Task brief - When you reach the line in the listing below that contains "<p>Escorted by an", begin returning lines exactly as written, and stop after the line that contains "Wayne, Co-CEO, JLL". Return no other lines.

Data supplied -
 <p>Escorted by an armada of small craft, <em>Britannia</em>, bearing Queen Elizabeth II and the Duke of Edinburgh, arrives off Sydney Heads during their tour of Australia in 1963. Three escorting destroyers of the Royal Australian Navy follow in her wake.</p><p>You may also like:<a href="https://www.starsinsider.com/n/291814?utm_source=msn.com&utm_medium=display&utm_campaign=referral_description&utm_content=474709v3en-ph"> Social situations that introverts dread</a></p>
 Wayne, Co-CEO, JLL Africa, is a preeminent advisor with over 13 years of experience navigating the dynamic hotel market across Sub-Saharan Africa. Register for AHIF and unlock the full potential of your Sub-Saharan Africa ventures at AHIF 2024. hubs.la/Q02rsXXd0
---
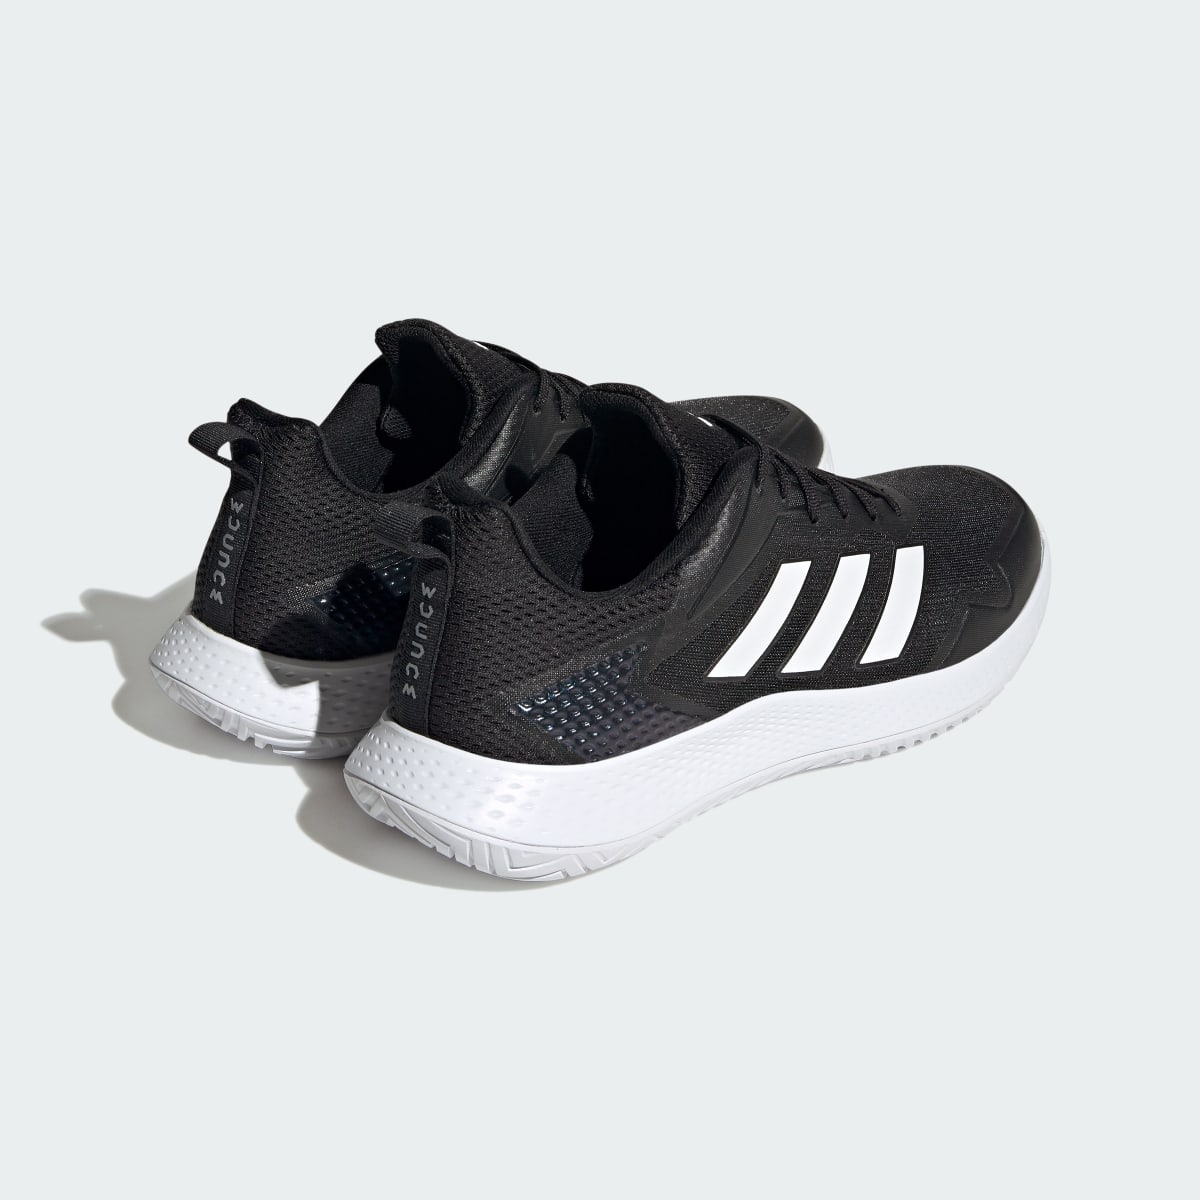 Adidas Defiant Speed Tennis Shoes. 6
* * *
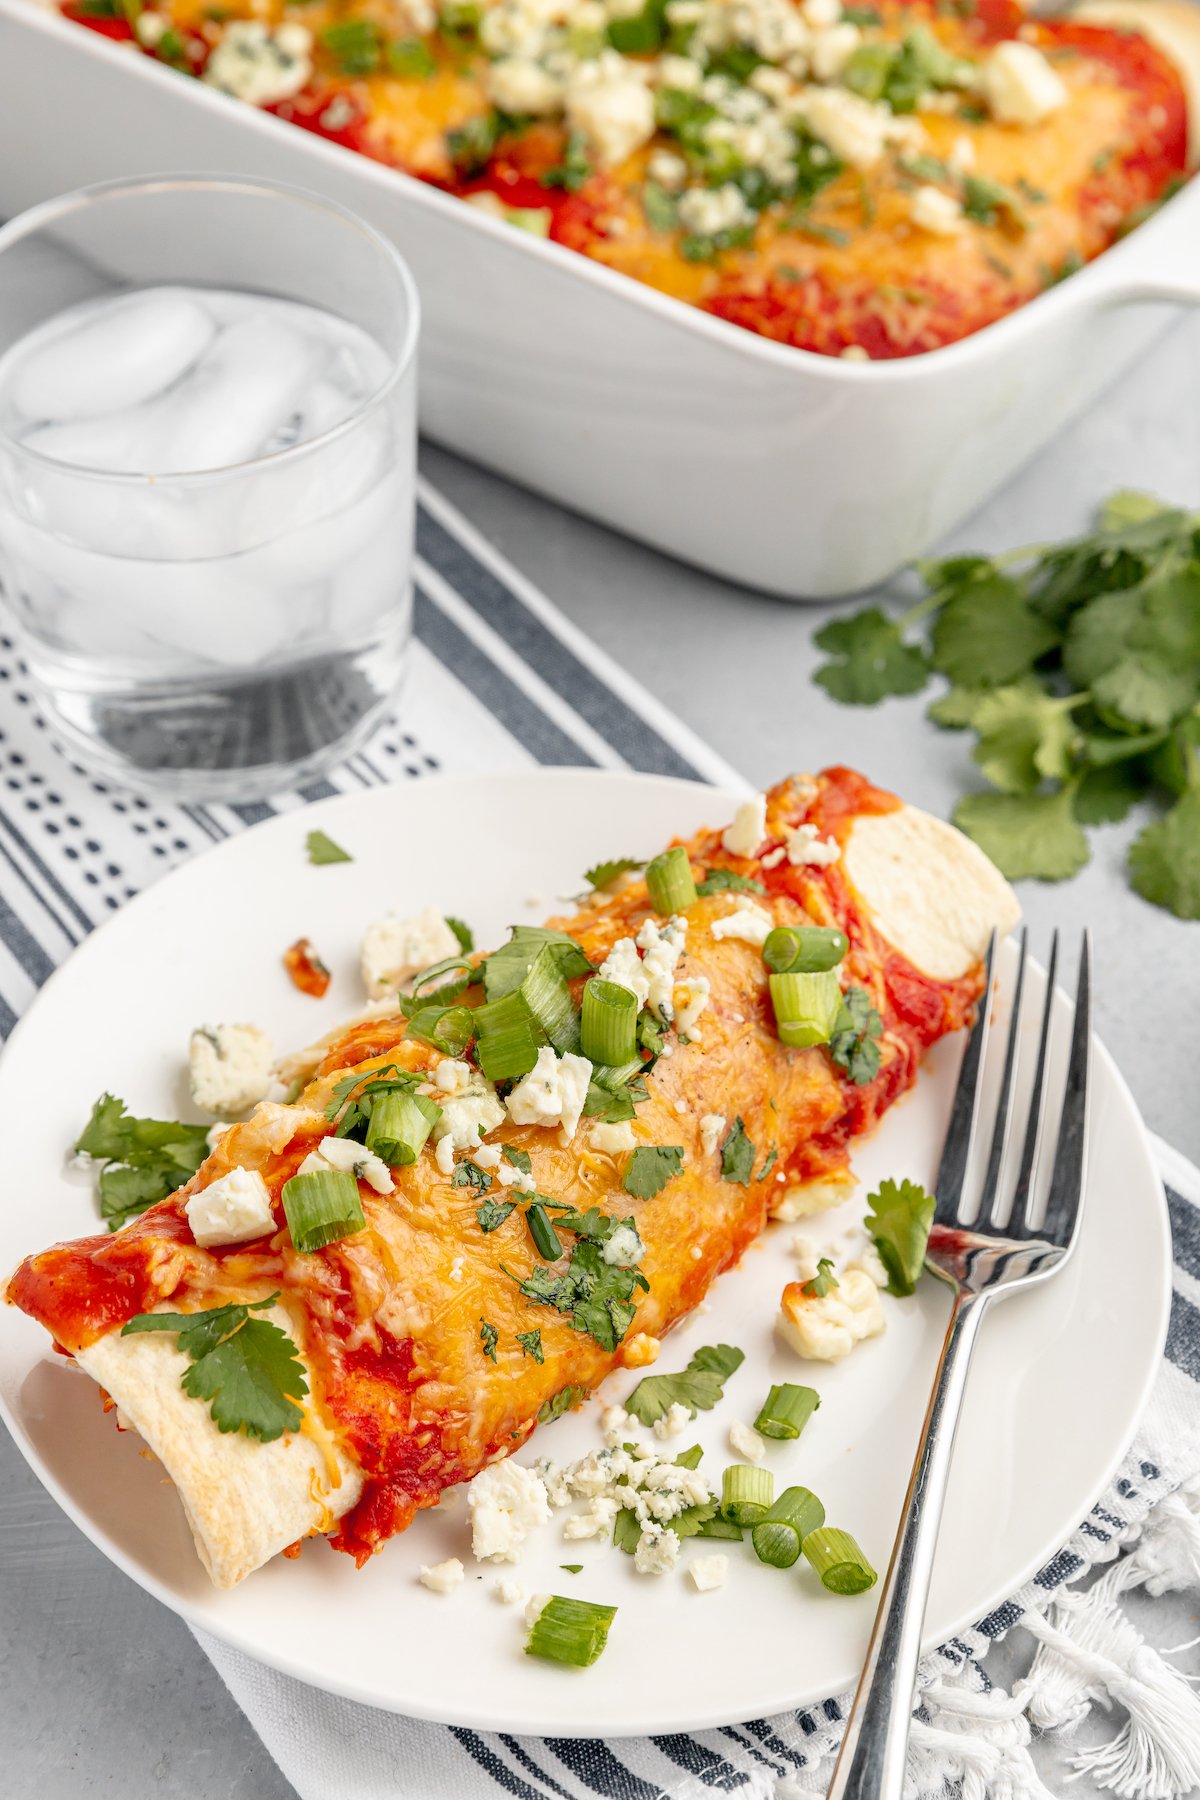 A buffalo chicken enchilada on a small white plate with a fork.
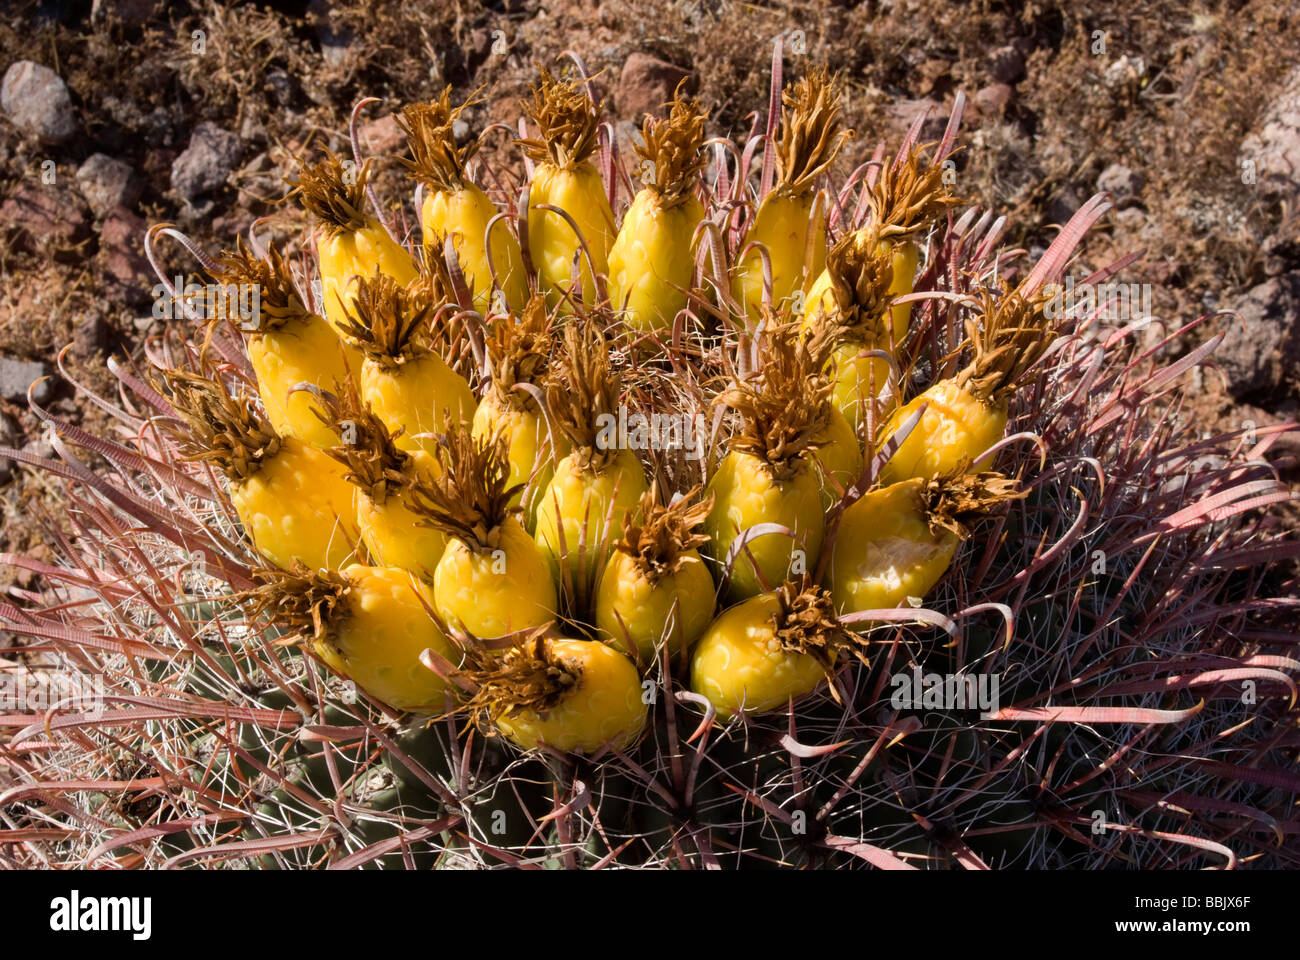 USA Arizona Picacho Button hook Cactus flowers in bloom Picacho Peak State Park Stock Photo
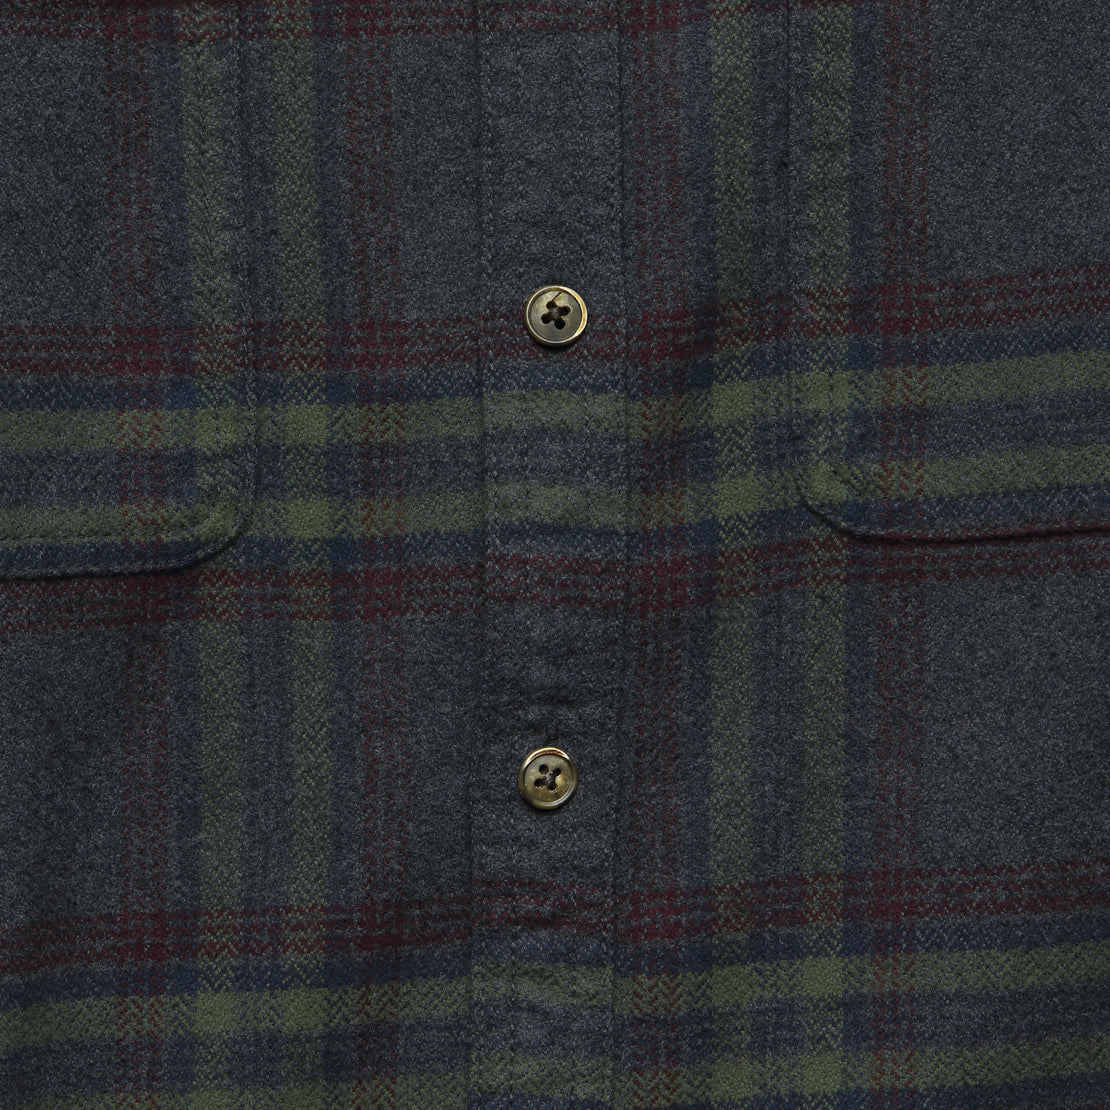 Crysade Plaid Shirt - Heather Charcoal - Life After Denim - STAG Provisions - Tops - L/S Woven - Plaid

Written answer -
 <p>Escorted by an armada of small craft, <em>Britannia</em>, bearing Queen Elizabeth II and the Duke of Edinburgh, arrives off Sydney Heads during their tour of Australia in 1963. Three escorting destroyers of the Royal Australian Navy follow in her wake.</p><p>You may also like:<a href="https://www.starsinsider.com/n/291814?utm_source=msn.com&utm_medium=display&utm_campaign=referral_description&utm_content=474709v3en-ph"> Social situations that introverts dread</a></p>
 Wayne, Co-CEO, JLL Africa, is a preeminent advisor with over 13 years of experience navigating the dynamic hotel market across Sub-Saharan Africa. Register for AHIF and unlock the full potential of your Sub-Saharan Africa ventures at AHIF 2024. hubs.la/Q02rsXXd0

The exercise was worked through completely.